A group of YouTube contractors in Texas is so unhappy with being forced into the office that they’re going on strike.

Employees who work for companies that use surveillance software to monitor remote workers tend to feel similarly disgruntled, as well as “overworked and burnt out,” according to a recent BBC report.

Yet another mistake employers make is demanding that work-from-home employees refrain from traveling. Unfortunately, such mandates lead to a new trend called a “hush trip,” where employees travel but lead their co-workers and bosses to believe they’re in their home offices.

While I encourage employees to be honest with their employers, I also encourage employers to refrain from telling remote workers that they can’t work from another location — or another country.

Because what’s really happening is that employees are managing their own burnout prevention. It’s time to shed the idea that people working from home slack off more than in-office workers.

And it’s time to embrace the idea that happy remote employees are more likely to be self-motivated to work harder and manage their own work-life balance and prevent burnout.

The policies designed to improve productivity — working in offices, surveilling remote workers and banning remote work travel — likely have the opposite impact: Causing workers to be disgruntled and passive-aggressively avoid productivity.

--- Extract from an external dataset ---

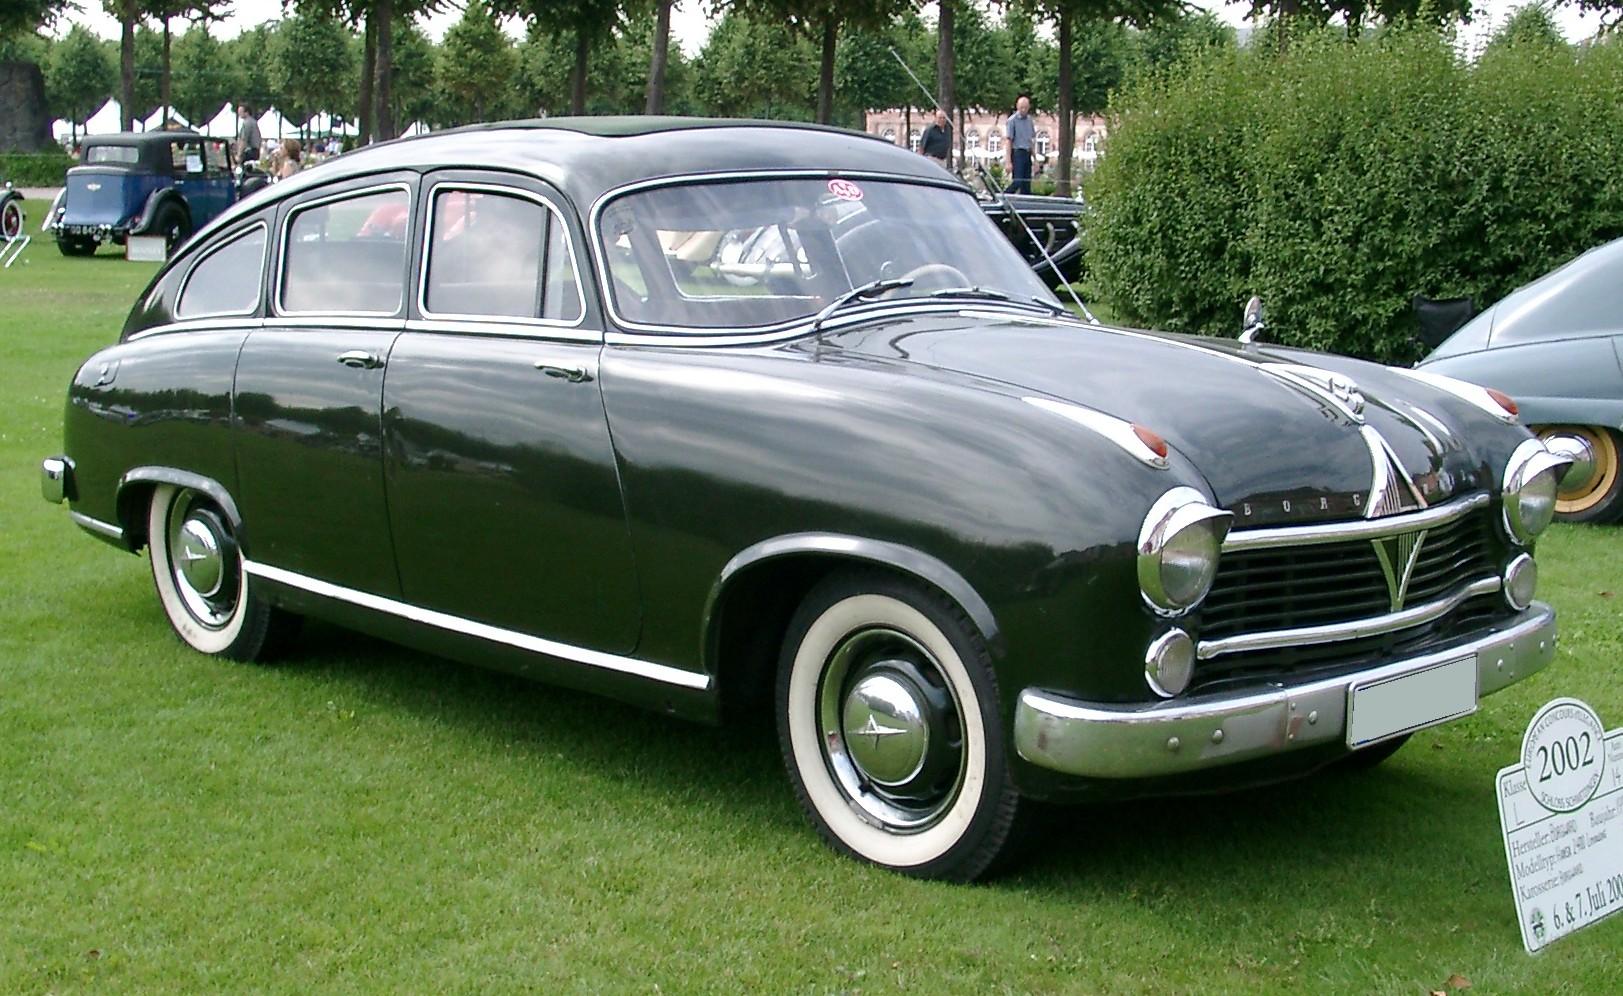 Limousine For Sale >> File:Borgward Hansa 2400 side 20020707.jpg - Wikimedia Commons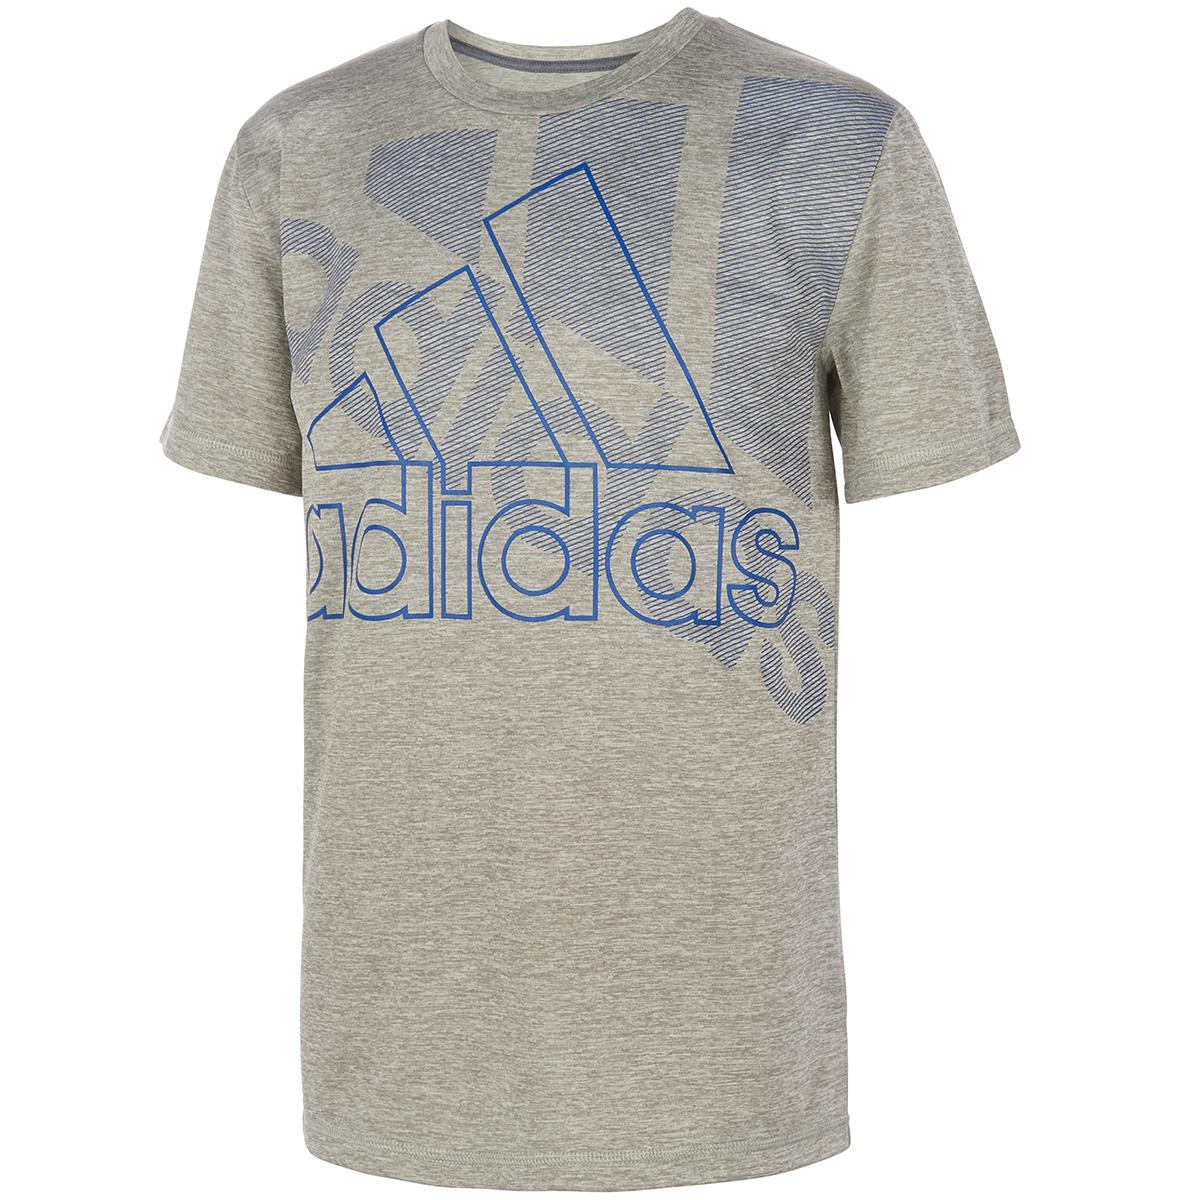 Adidas Little Boys' Short-Sleeve Badge Of Sport Tee - Black, 7

In fact, you’ve likely heard chatter about the four-day workweek to manage burnout. But with sufficient work time and place flexibility and maximising a culture of asynchronous communication, there’s no need to mandate any number of days per week.

Instead, apply solid performance metrics based on output and let employees figure out how much and when they work. Aim to motivate employees with trust, work flexibility, and a sense of purpose, and let them make their own decisions. That’s likely to have a far better outcome than edicts, surveillance, and control.